Spokane Superior Court Judge Maryann Moreno ordered Douglass to pay developer Tod Lasley of T.J. Landco Co. the remaining amount on what had been a $3.6 million deal – plus attorney fees.

Moreno rejected Douglass’ claim that the preliminary plat he purchased in 2006 had so many problems that he wouldn’t be able to develop the 371 lots that were initially surveyed for the housing development in the Eagle Ridge area of southwest Spokane.

Douglass declined to comment.

Friday’s case comes after Douglass was investigated for submitting false claims against Spokane County in another development north of Spokane.

In that case, Douglass was accused of altering invoices to boost a claim that the county planning staff caused him to lose money by delaying approval for a final plat at Hunter’s Pointe near Mead in 2008. Douglass sued and collected $685,000 from the county, partly from an insurance policy.

The case was referred to the state Attorney General’s Office, which declined to recommend that Douglass be charged for submitting altered invoices.

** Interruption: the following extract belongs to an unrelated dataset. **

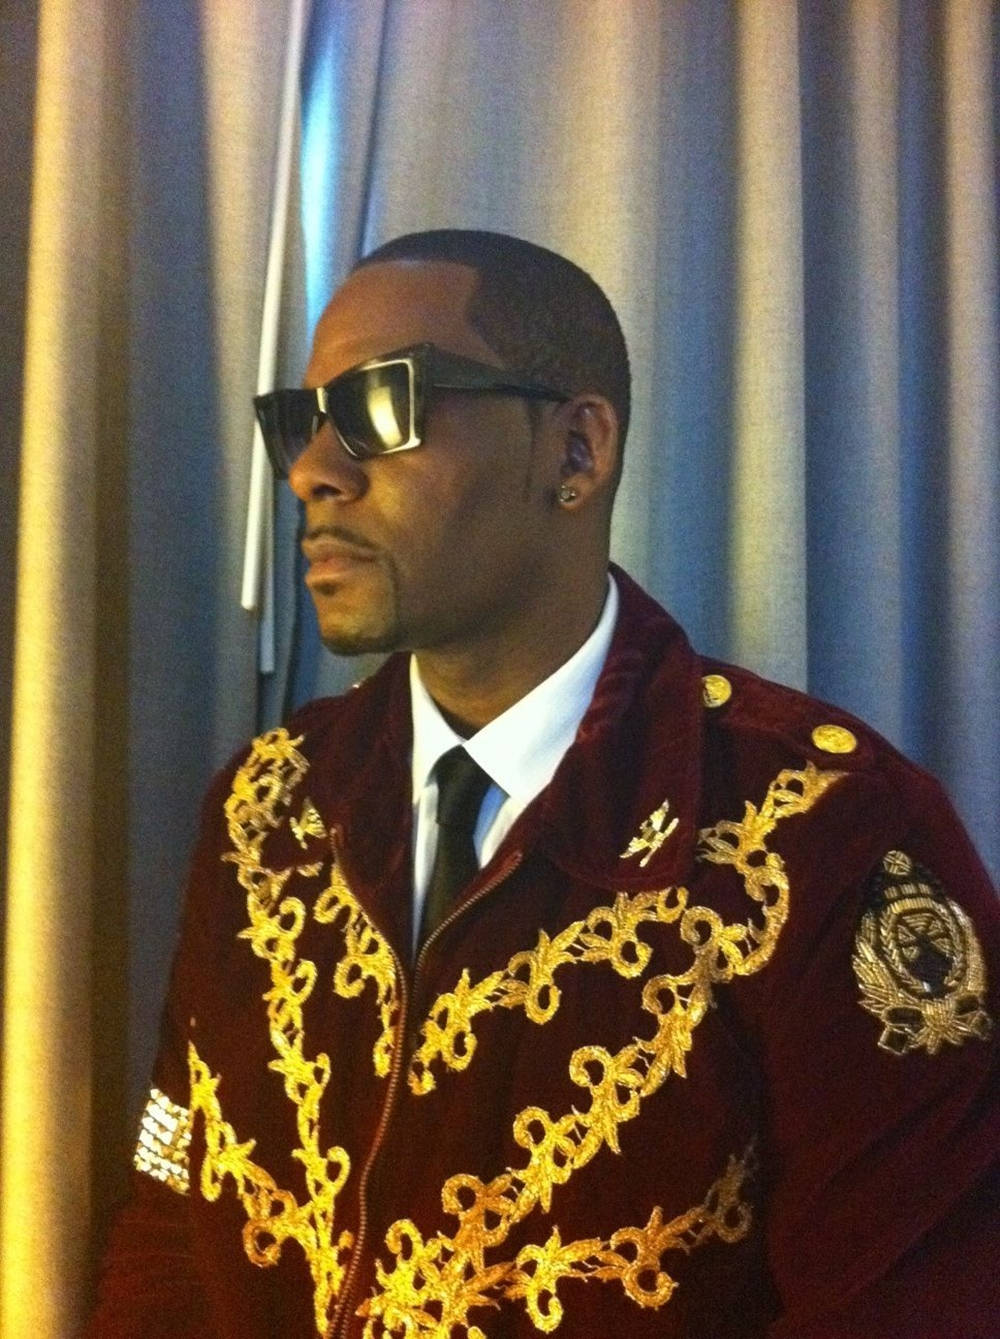 Singer R Kelly In Concert Outfit Wallpaper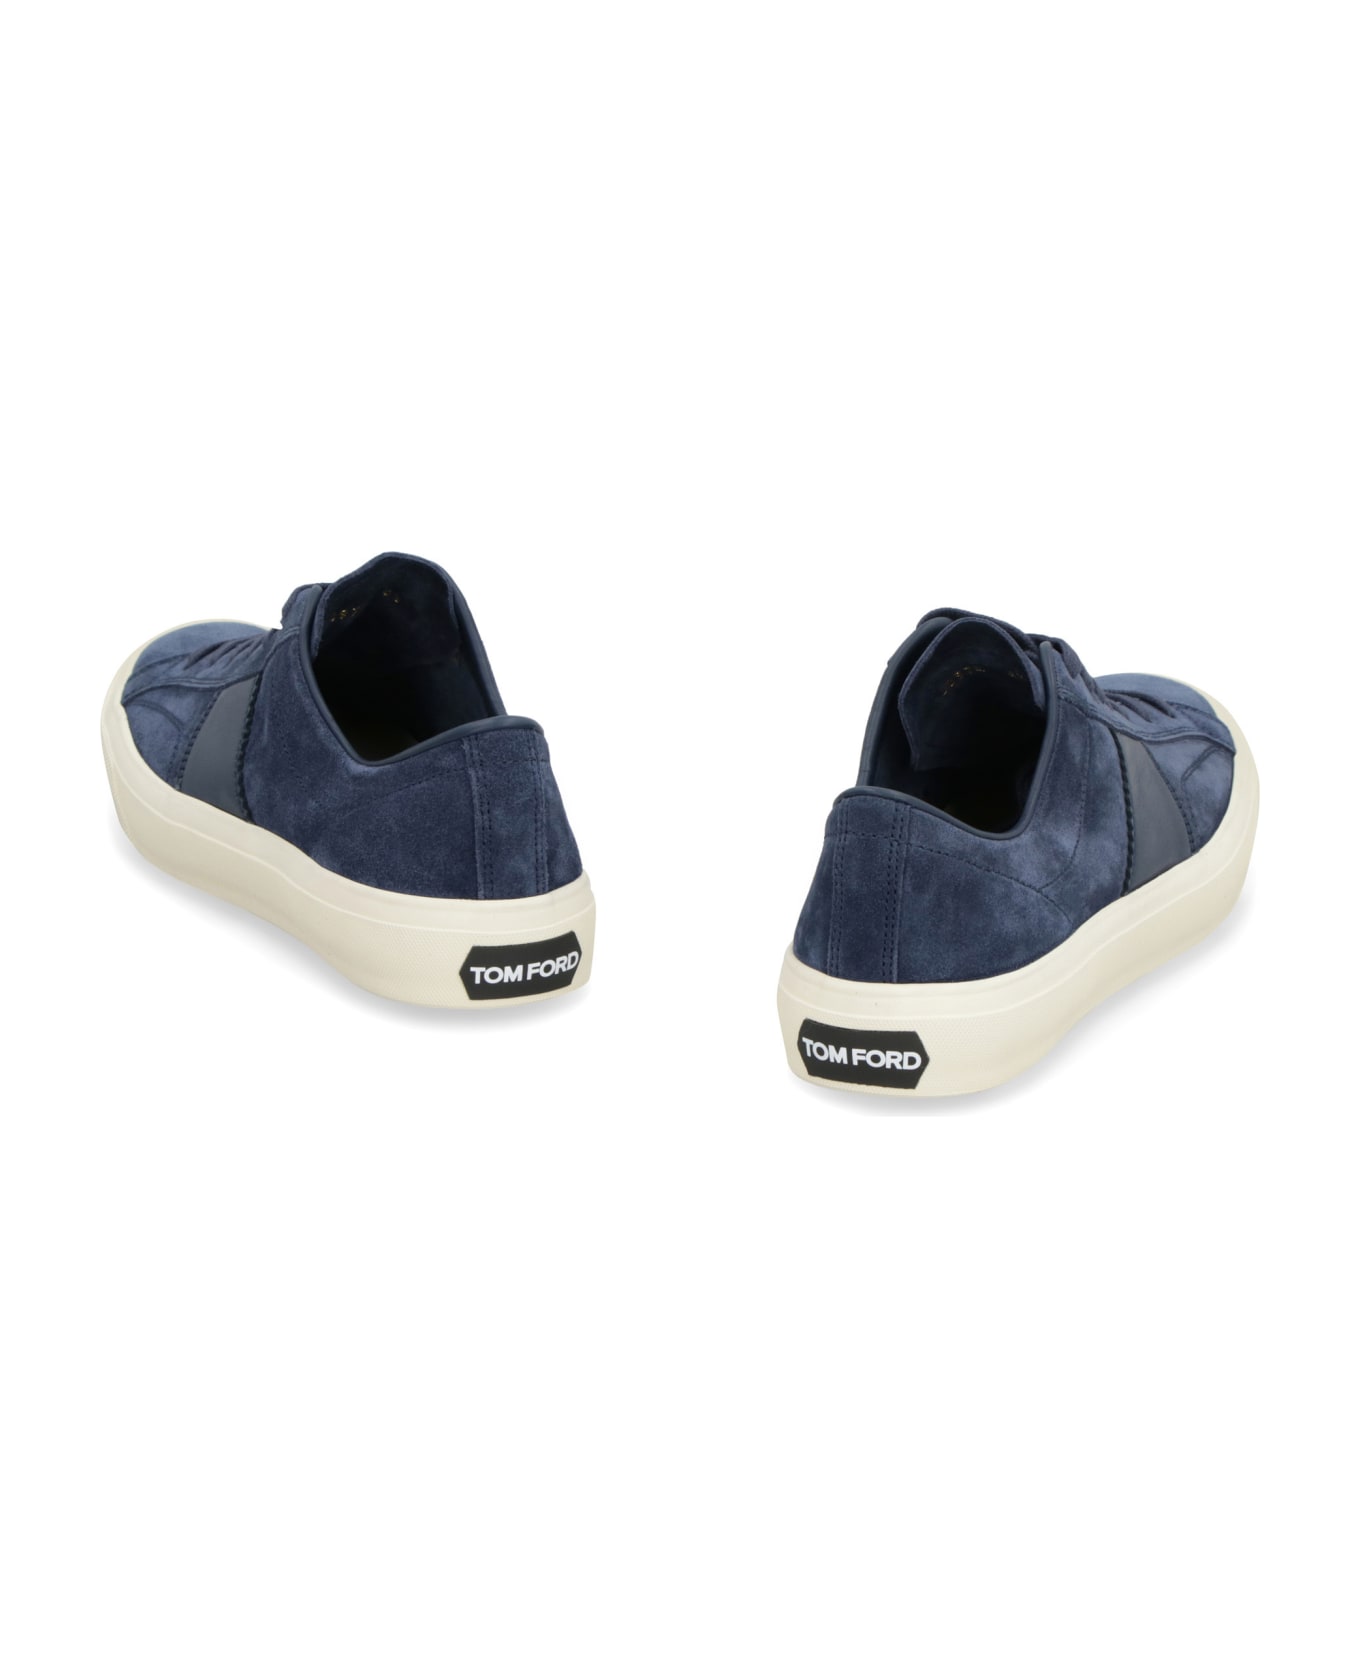 Tom Ford Cambridge Suede Sneakers - blue スニーカー

One of the altered invoices submitted in the case against the county originated from engineering work done on the preliminary plat at Eagle Ridge, according to Lasley’s attorney, Tim Fennessy.

Following Friday’s ruling, Fennessy said his client is now prepared to file liens against assets of Harley C. Douglass Inc.

“We hope he will honor the judge’s opinion,” Fennessy said.

Moreno said Douglass’ 20-plus years of residential development experience should have given him plenty of understanding of the risks of bringing a preliminary plat to its final stage.

Douglass said the steep slope of the land, along with access and traffic issues, diminished the value of the 94-acre project.

An engineer testifying for Douglass said the final plat could lose as many as 59 lots. A city engineer, however, said many preliminary plats need adjusting before final approval.

The judge noted Douglass became the key investor in the original deal but had owed Lasley $1.14 million at the time that the property was transferred.

Douglass paid Lasley $340,000 of the remaining amount in two payments in 2006 and 2007, Fennessy said.

In 2008, Douglass transferred ownership to his parents, Harlan and Maxine Douglass, for $500,000, Fennessy said.